EXERCISE: Nothing but the text should be carried over: reproduce all the data exactly and leave out every image.

SUPPLIED DATA:
****

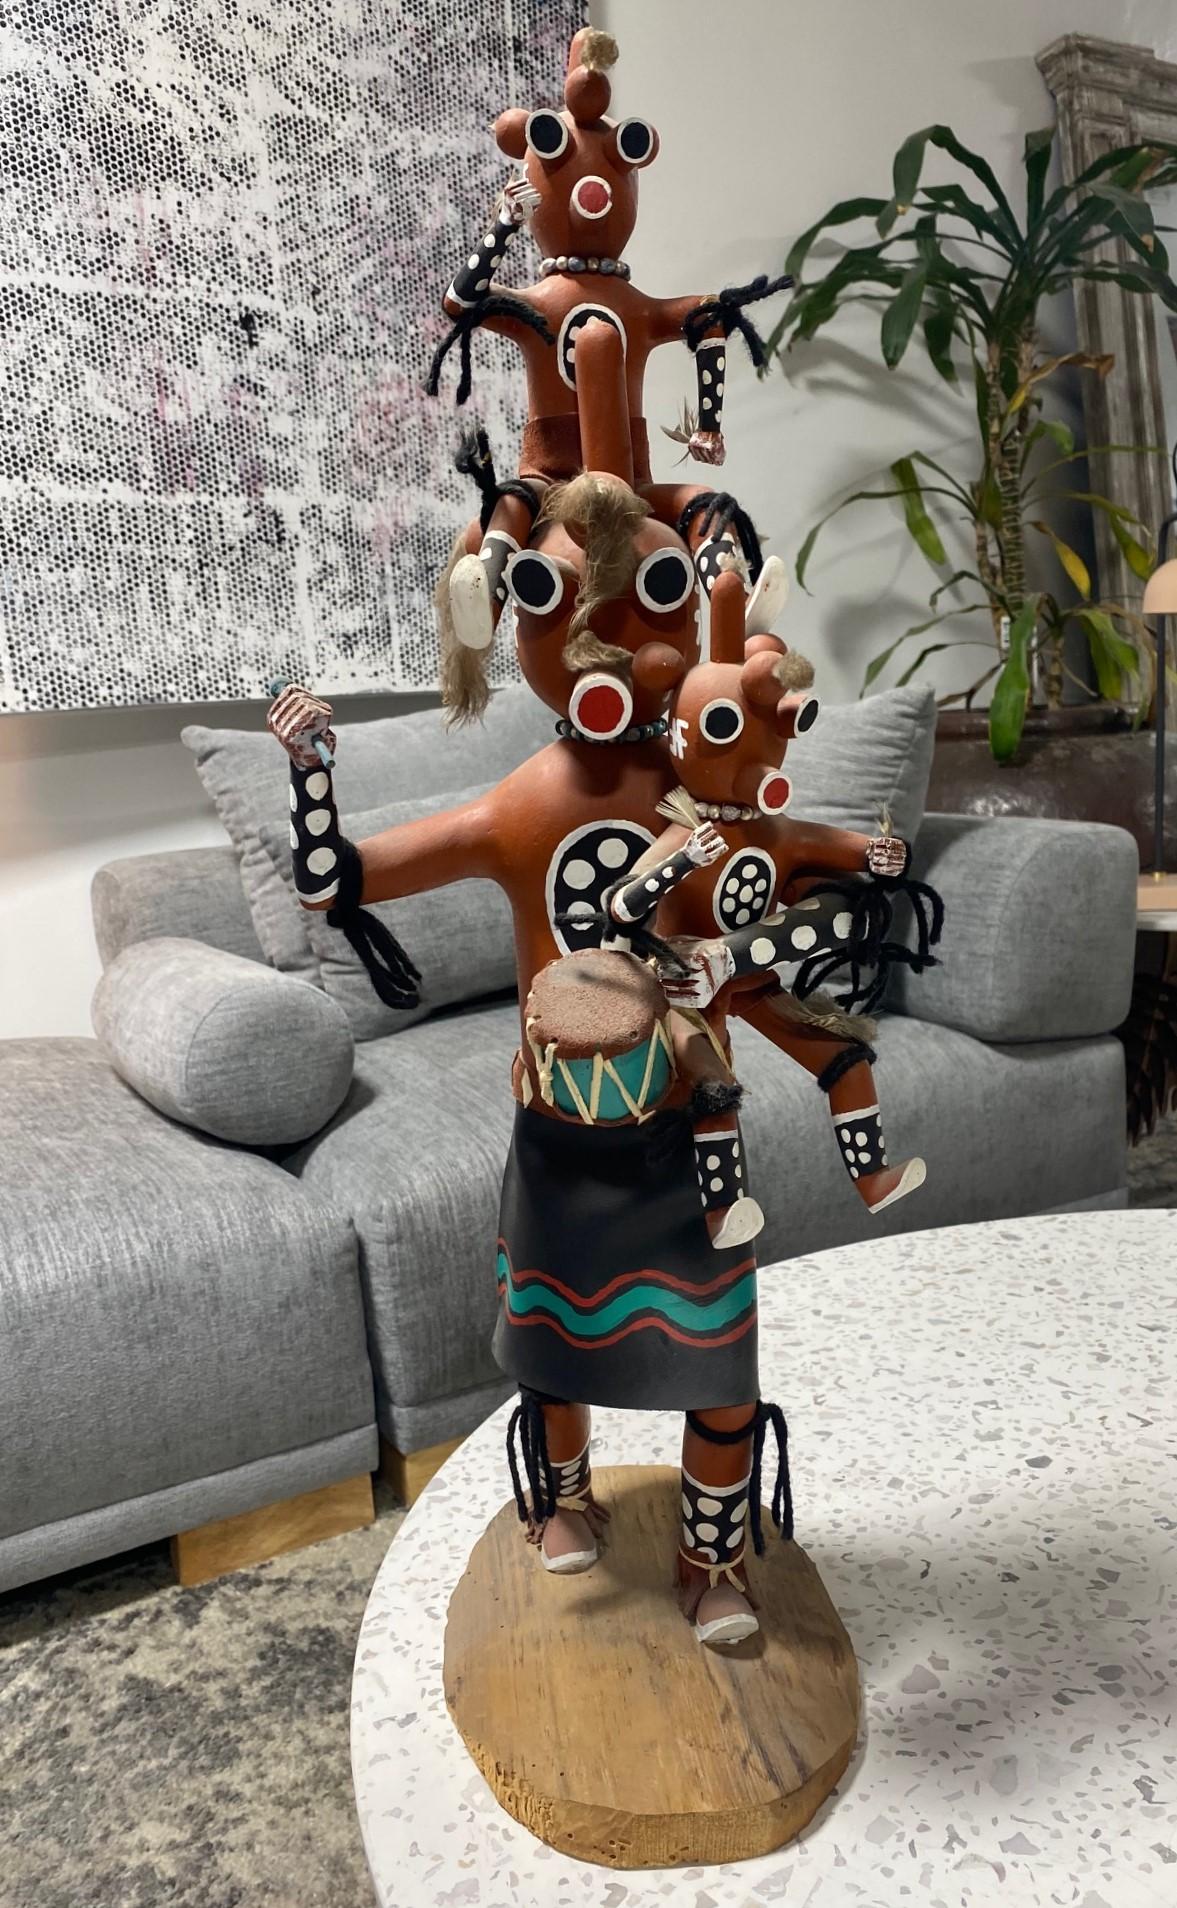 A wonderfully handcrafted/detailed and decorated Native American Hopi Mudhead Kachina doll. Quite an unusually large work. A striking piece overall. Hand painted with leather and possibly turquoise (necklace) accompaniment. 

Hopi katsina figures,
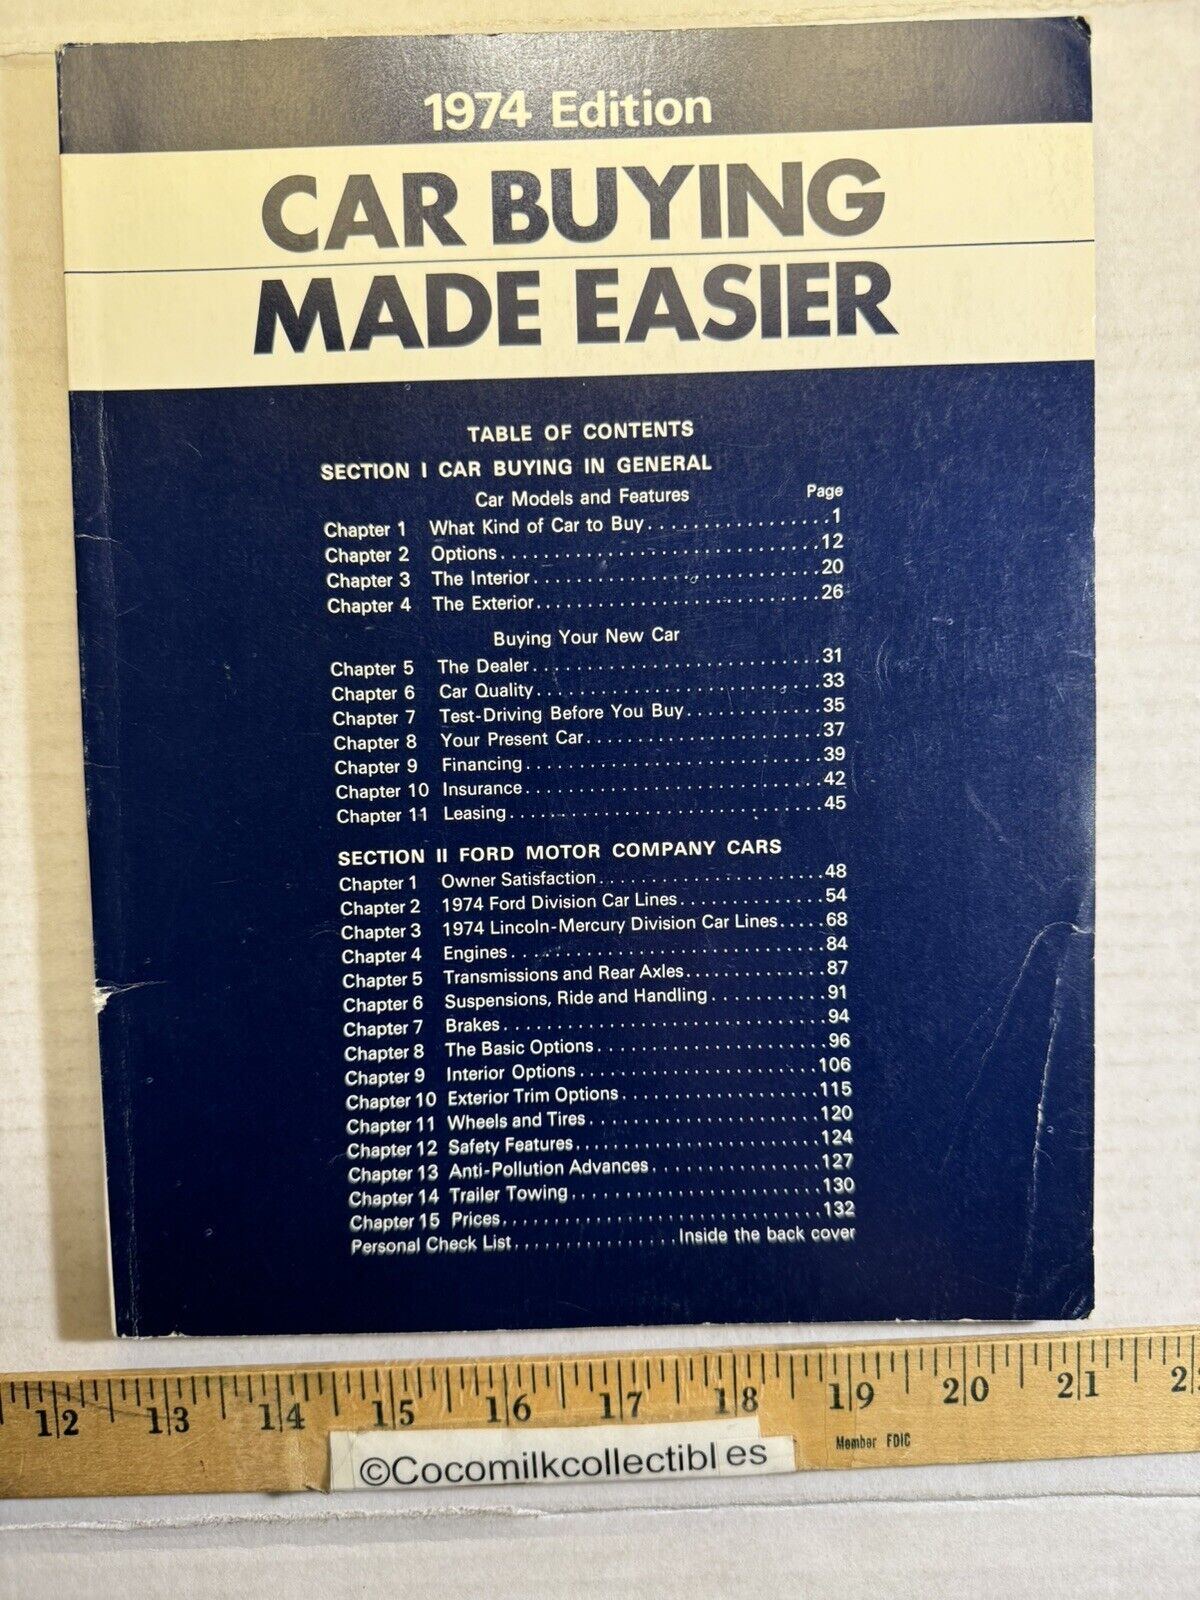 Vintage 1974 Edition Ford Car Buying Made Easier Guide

****

OUTPUT BELOW:
 A wonderfully handcrafted/detailed and decorated Native American Hopi Mudhead Kachina doll. Quite an unusually large work. A striking piece overall. Hand painted with leather and possibly turquoise (necklace) accompaniment. 

Hopi katsina figures,
 Vintage 1974 Edition Ford Car Buying Made Easier Guide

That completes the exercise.